> Input data
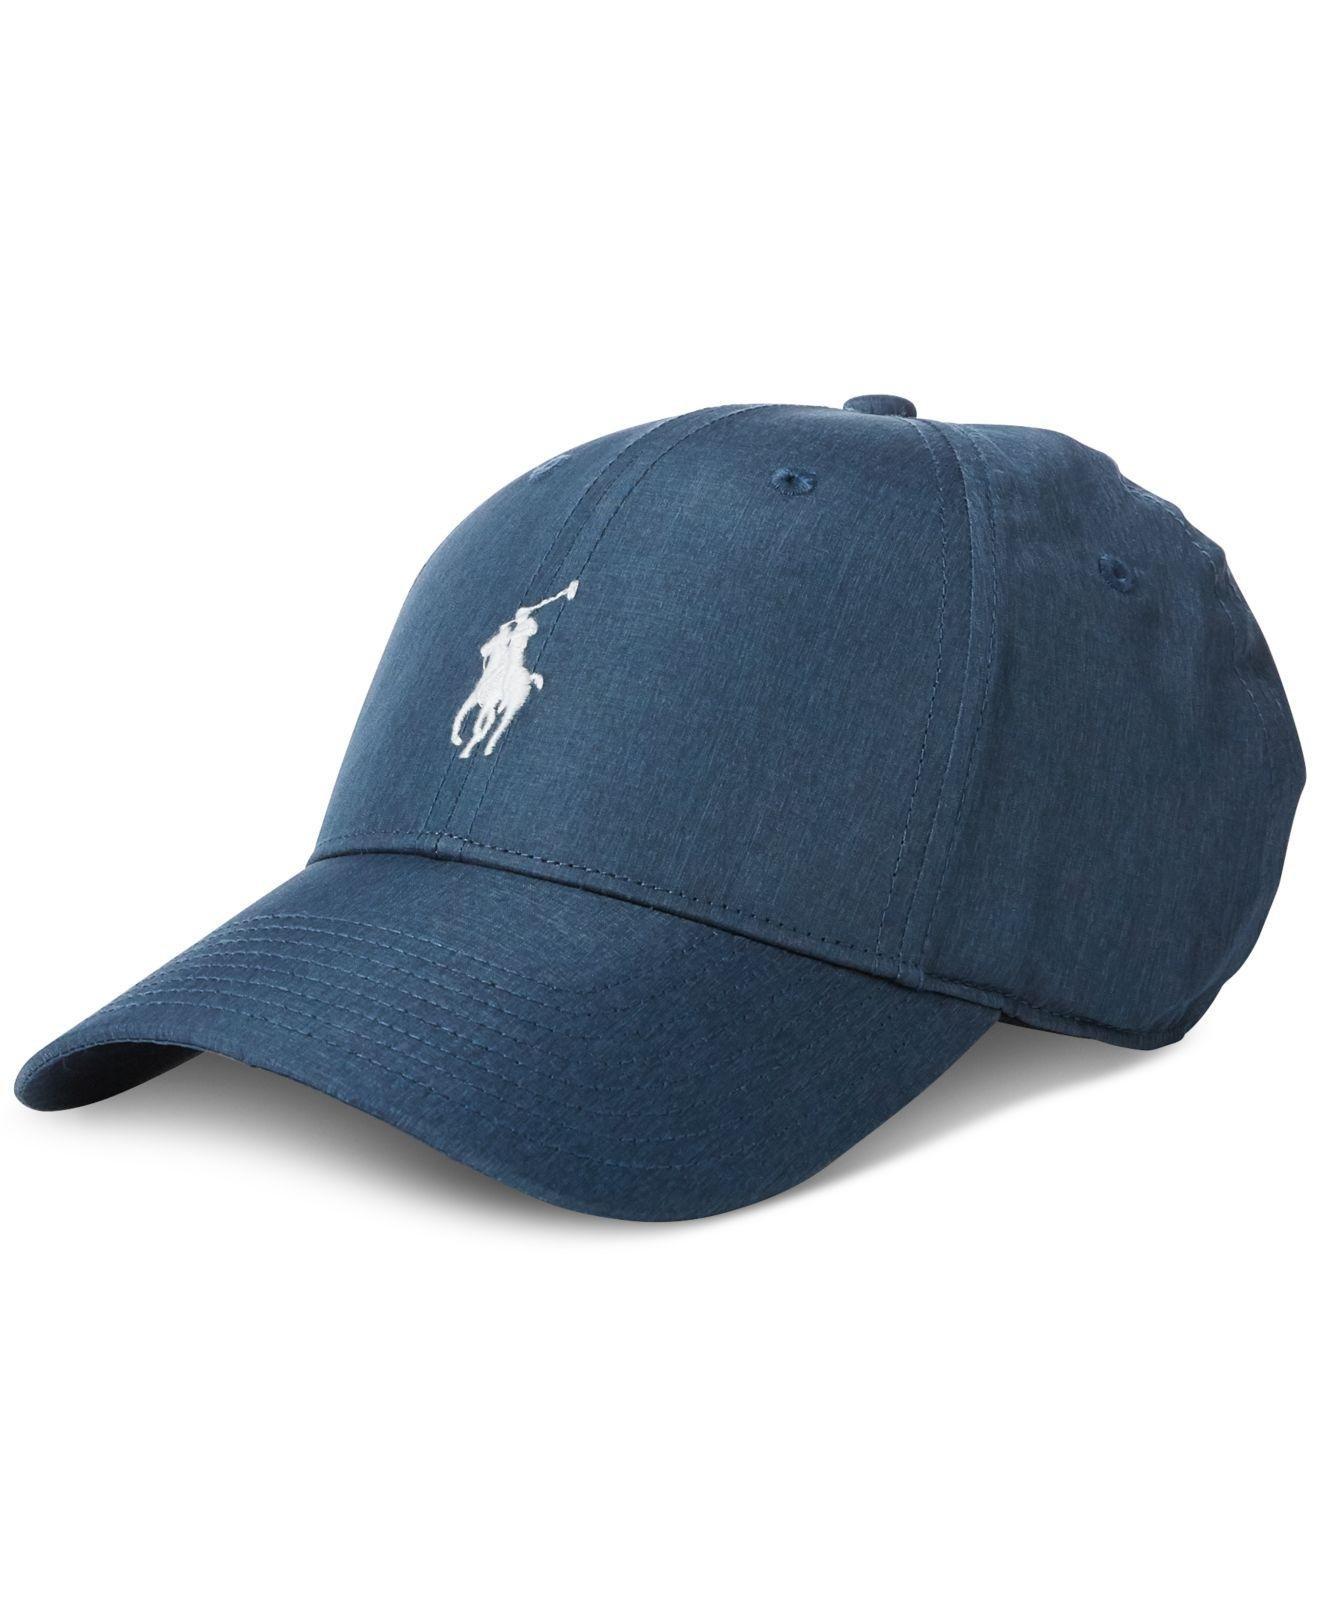 cb0f7fdd748 Lyst - Polo Ralph Lauren Performance Cap in Blue for Men
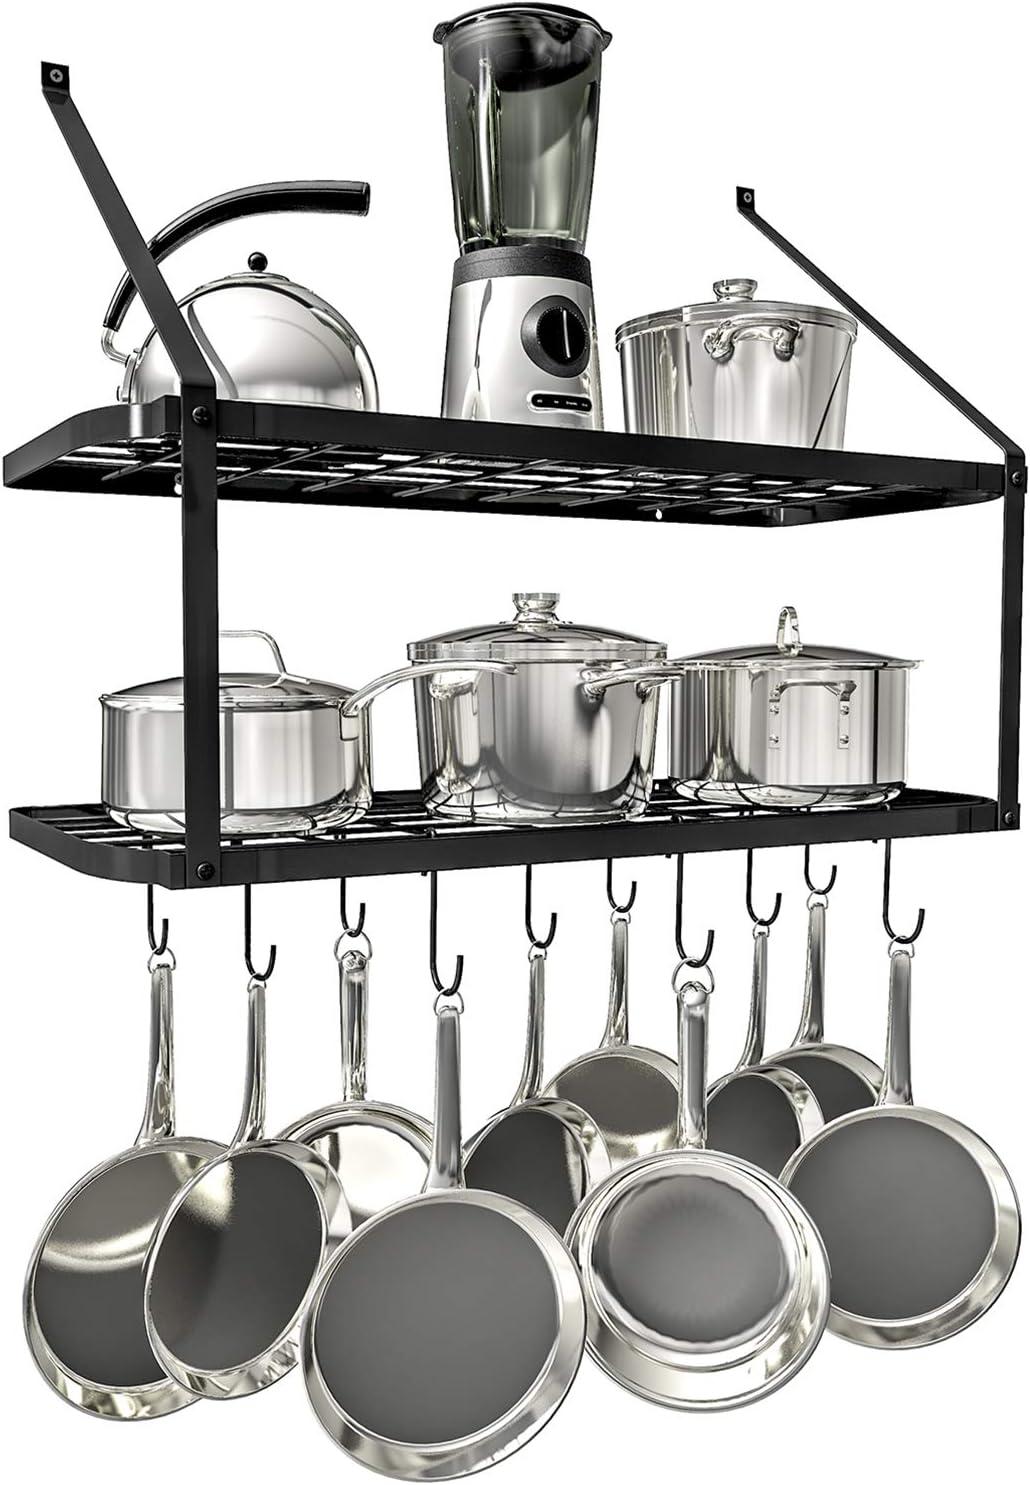 Vdomus shelf pot rack wall mounted 2 bla tire racks pan hanging Discount mail order Import
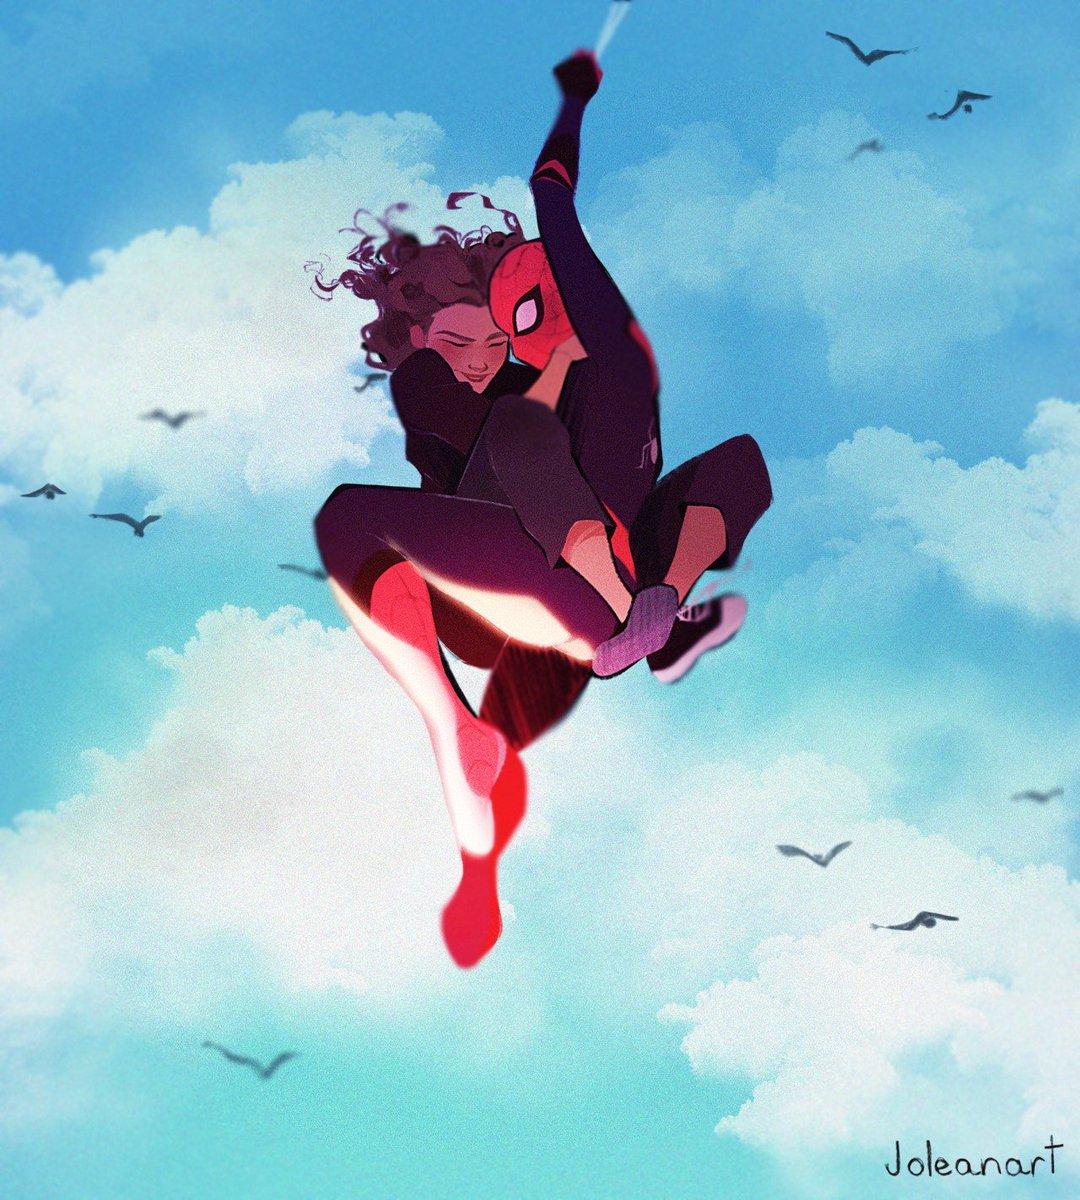 the new pics just killed me ❤???????? #spiderman

> Problem statement
Would you output the full listing exactly as it stands, minus the images?

> Solution below
 cb0f7fdd748 Lyst - Polo Ralph Lauren Performance Cap in Blue for Men
 Vdomus shelf pot rack wall mounted 2 bla tire racks pan hanging Discount mail order Import
 the new pics just killed me ❤???????? #spiderman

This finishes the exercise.